Adapting to Target Field's New Playing Conditions Key to Red Sox Success Against Twins Red Sox manager Terry Francona did not hold back when sharing his thoughts on the Metrodome, the Minnesota Twins home for 28 seasons.

"I think it stinks," Francona said after he was asked the question during Boston’s final visit to the dome last season. "Balls hitting the roof, the speakers, it’s awful."

Based on that comment, Francona likely will be pleased when he steps into Target Field for the April 12 opener of the Twins’ new stadium. No roofs, no speakers, no baggie in right field. Just Boston and Minnesota in front of a packed house.

That does not mean the Red Sox can just stroll in and play a ballgame. Whenever entering a park for the first time, it is important to analyze the dimensions and conditions – from how the wind plays to the length of the grass to the speed of the infield dirt – before the first pitch. With new ballparks popping up all over the game for the past two decades, it’s become a time-tested routine.

The coaches often take the first look and give the players a quick briefing. Then, those who need to deal with the conditions face-to-face give it a trial run. While many fields might look alike, they’re not.

In preparation for such a debut, it is important to leave no stone unturned.

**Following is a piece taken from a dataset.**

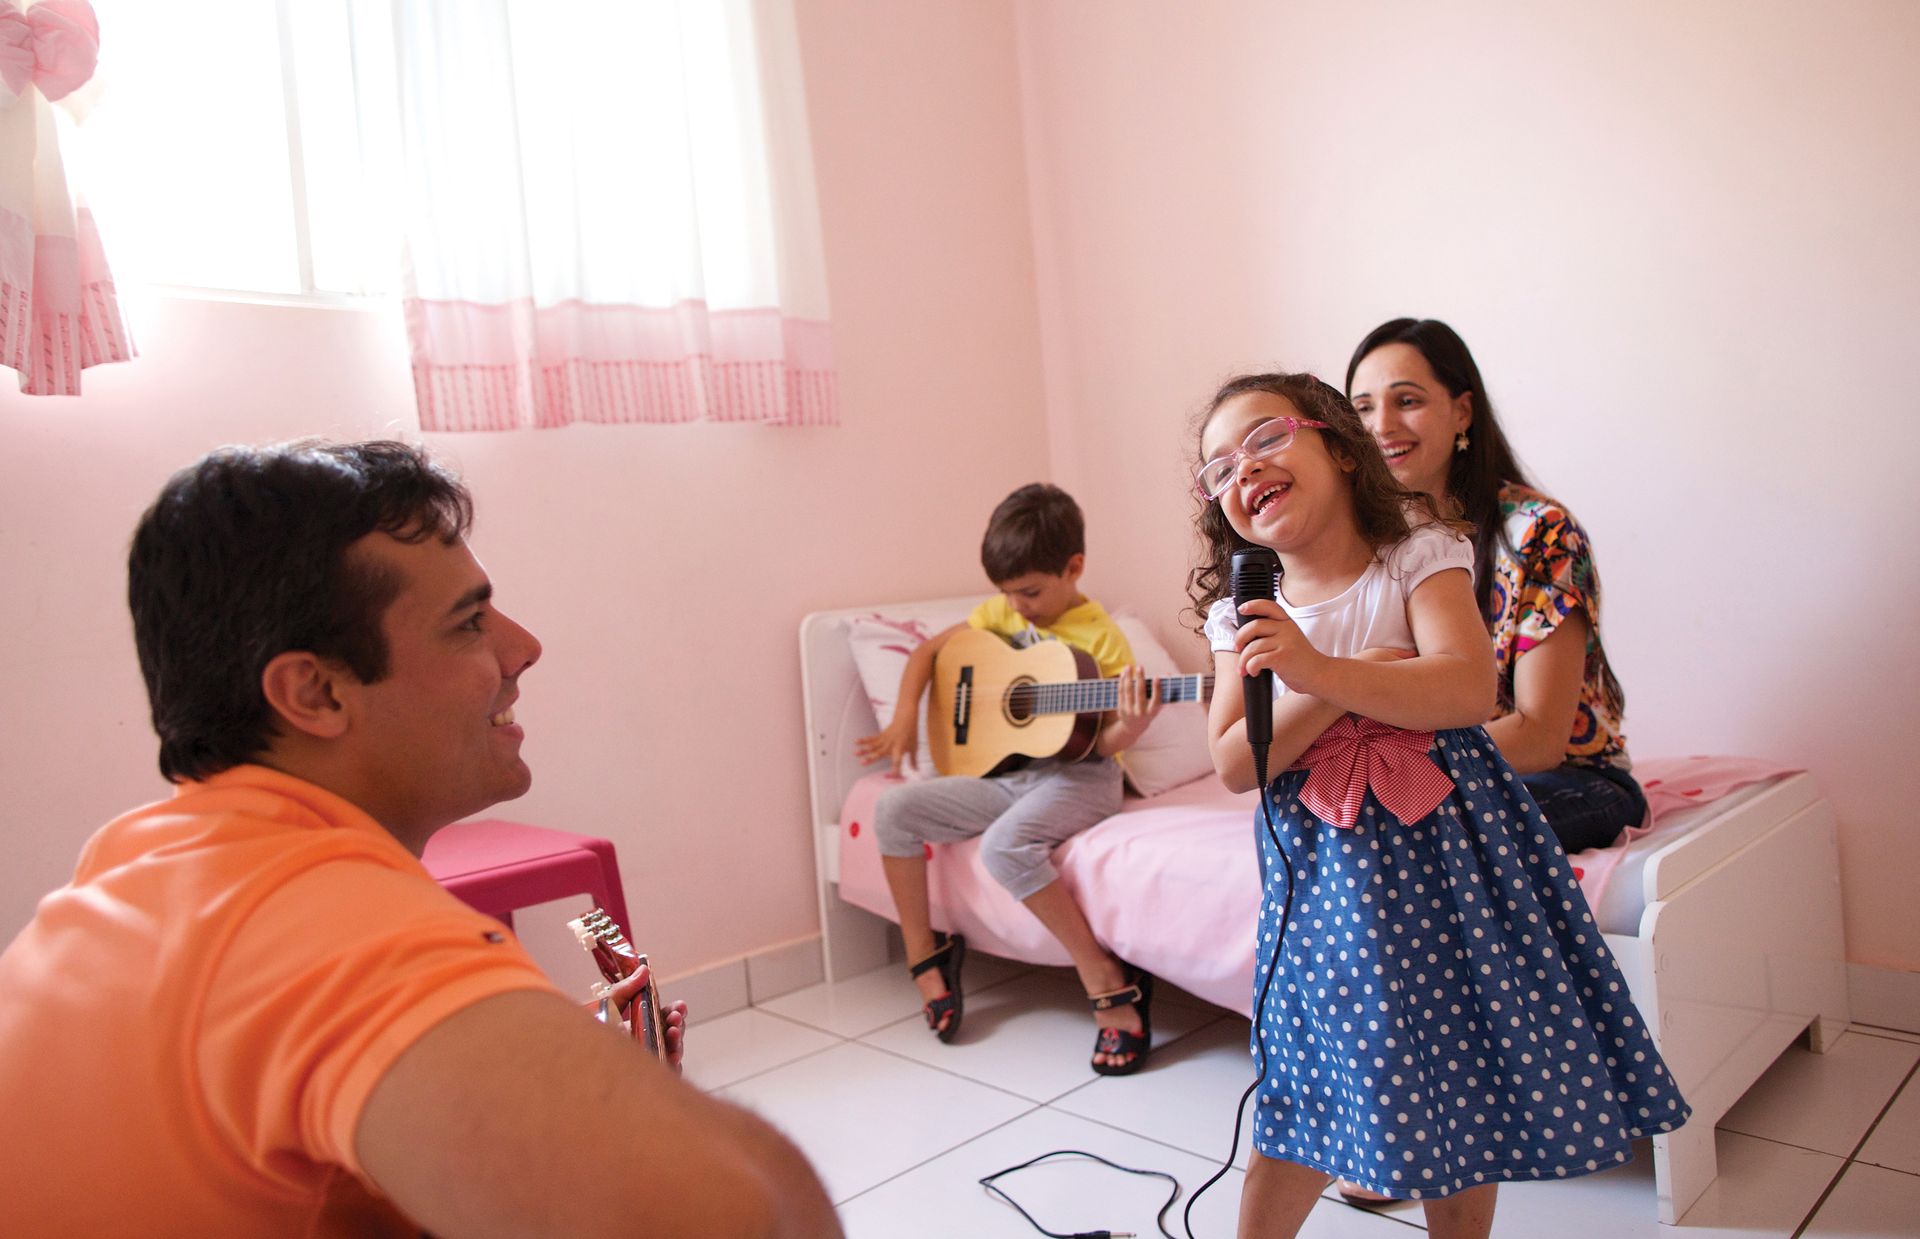 무릴로와 켈리 리베이로 부부는 자녀들과 함께 시간을 보내는 것을 좋아한다. 딸이 노래를 하고, 무릴로와 아들이 기타로 반주를 한다.

"When you’ve never played in a stadium before, as a hitter you want to check the background, try to get used to it," said Red Sox infielder/outfielder Bill Hall. "Obviously as a defensive player, if you’re an infielder, you want to get used to the dirt and how it comes off the dirt. Does the ball give backspin or topspin, things like that."

The ability to stay nimble under any condition is part of the makeup of all great athletes. In fact, you could say managing the inconsistency of the sport is consistently worked on throughout the season.

"Major league players are gifted with tremendous hand-eye coordination, and they work hard to improve it," said Dr. Arun Ramappa, chief of sports medicine at Beth Israel Deaconess Medical Center. "Part of preparation includes knowing how your playing environment might impact your performance."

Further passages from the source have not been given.